Zoe Cooper, Digital Marketing Manager, Inn Collection Group

What is Long Form Content and Why is it so Important?

Let’s start by defining the phrase that this page is all about.

A typical long-form content piece is something, often a blog, guide, or article that exceeds a word of 1,000. This figure is relatively subjective and there is no scientific exact word count but the general consensus is that longer-form content can be classified as such if the word count is between 1000-2000+ words. There is of course long-form video content but for the purposes of this page, we’re just going to focus on the written word.

Typically, longer work will go into a topic, or even a sub-topic, in great detail with the aim of educating a reader.

Long-form content creation comes in many forms, from ebooks and whitepapers to guides and pillar pages on a website. They all, however, have one thing in common, and that is length.

Audiences have questions and inquiries about almost everything, including the topic or industry in which you operate. Work which has depth and insight has a higher likelihood of answering those questions. In an SEO context, this translates to more search engine rankings for a greater variety of relevant terms that can attract local search engine users or international visitors.

So, why is it necessary?

Having extensively worded pieces on your website is necessary because you’re operating in a congested SEO market, be it one that is local to you or one that is international, involving multiple foreign competitors. Daily, millions of new pieces get uploaded and indexed and doing, for example, long-form blogs is an effective way of standing out, meeting multiple intents behind a search query, and creating a link architecture that shows Google et al your site has context and is experienced in its field.

It’s necessary also because of something called E-E-A-T, an acronym standing for Expertise, Experience, Authority, and Trust. This concept was created by Google and forms a foundational part of their organic search engine ranking factors. They have explicitly said that they will reward work that demonstrates a combination of those factors, with an explicit emphasis on ‘Trust’.

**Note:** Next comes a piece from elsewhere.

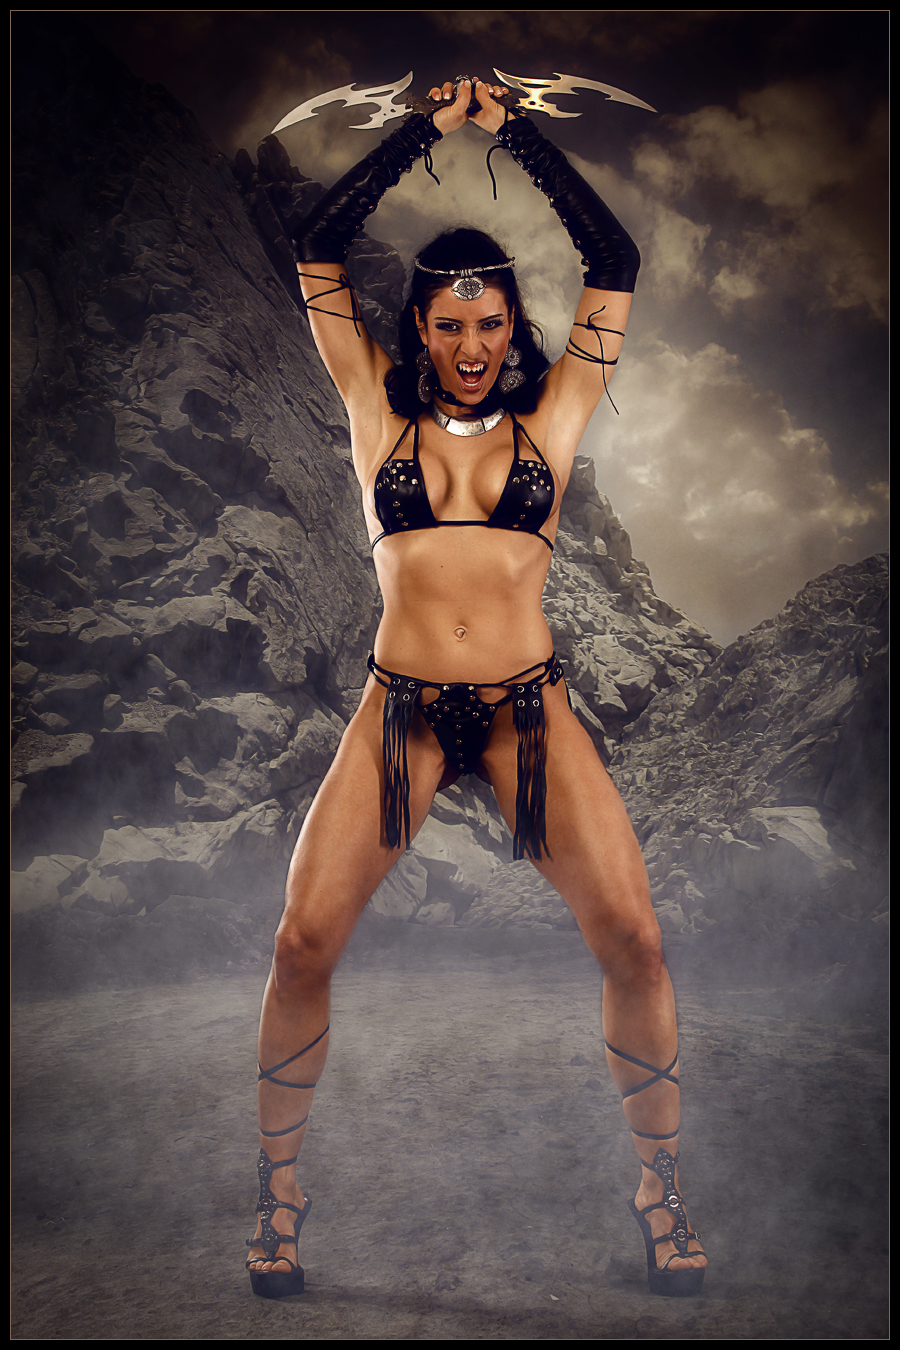 Warrior Woman Porn Pics 112

With that in mind then, it’s clear how longer pieces of work, those whose word counts go into the thousands will be able to demonstrate E-E-A-T more than those who just write a standard 500-word piece.

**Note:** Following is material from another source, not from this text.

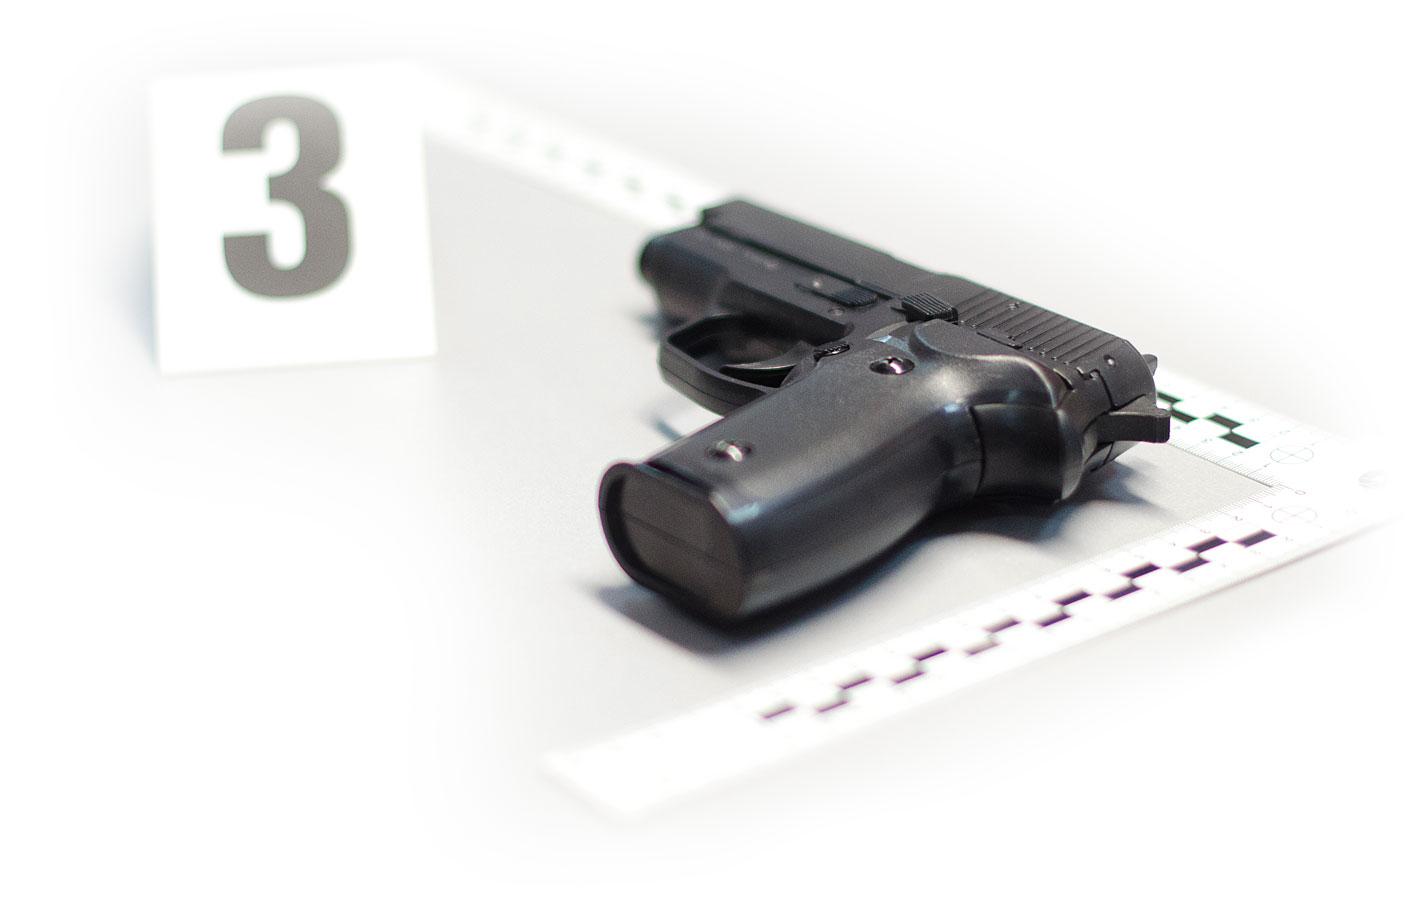 Zdjęcie ilustrujące laboratoria Bezpieczeństwa wewnętrznego

Internal Links and Long Pieces of Work, a Match Made in Heaven

We touched briefly then on link architecture but it’s worth spending some time discussing how a content strategy involving longer pieces of work can drastically improve your website’s performance thanks to the opportunities it provides regarding internal links.

Think of a website as a series of circles, each page representing a circle, internal links are the bonds that connect these pages together. These bonds help give your website something essential in SEO – context. As Google indexes (a more technical word for reading) your work, it scans your words and the links that are included in your work.

If done well, and there are plenty of tools that can help you do it well, Google will understand how page X relates to page Y and page Z and see that your website as a whole is a place full of expert insight about a specific topic.

This technical aspect of SEO is going to ensure that your work is as effective as possible when it is set live.

Further to this, internal linking should be done with something called ‘Link Shingling’ in mind, a term that we explore on pages 40-41 of our fantastic SEO A-Z, a 55-page guide written by James Welch, our Chief Innovation Officer.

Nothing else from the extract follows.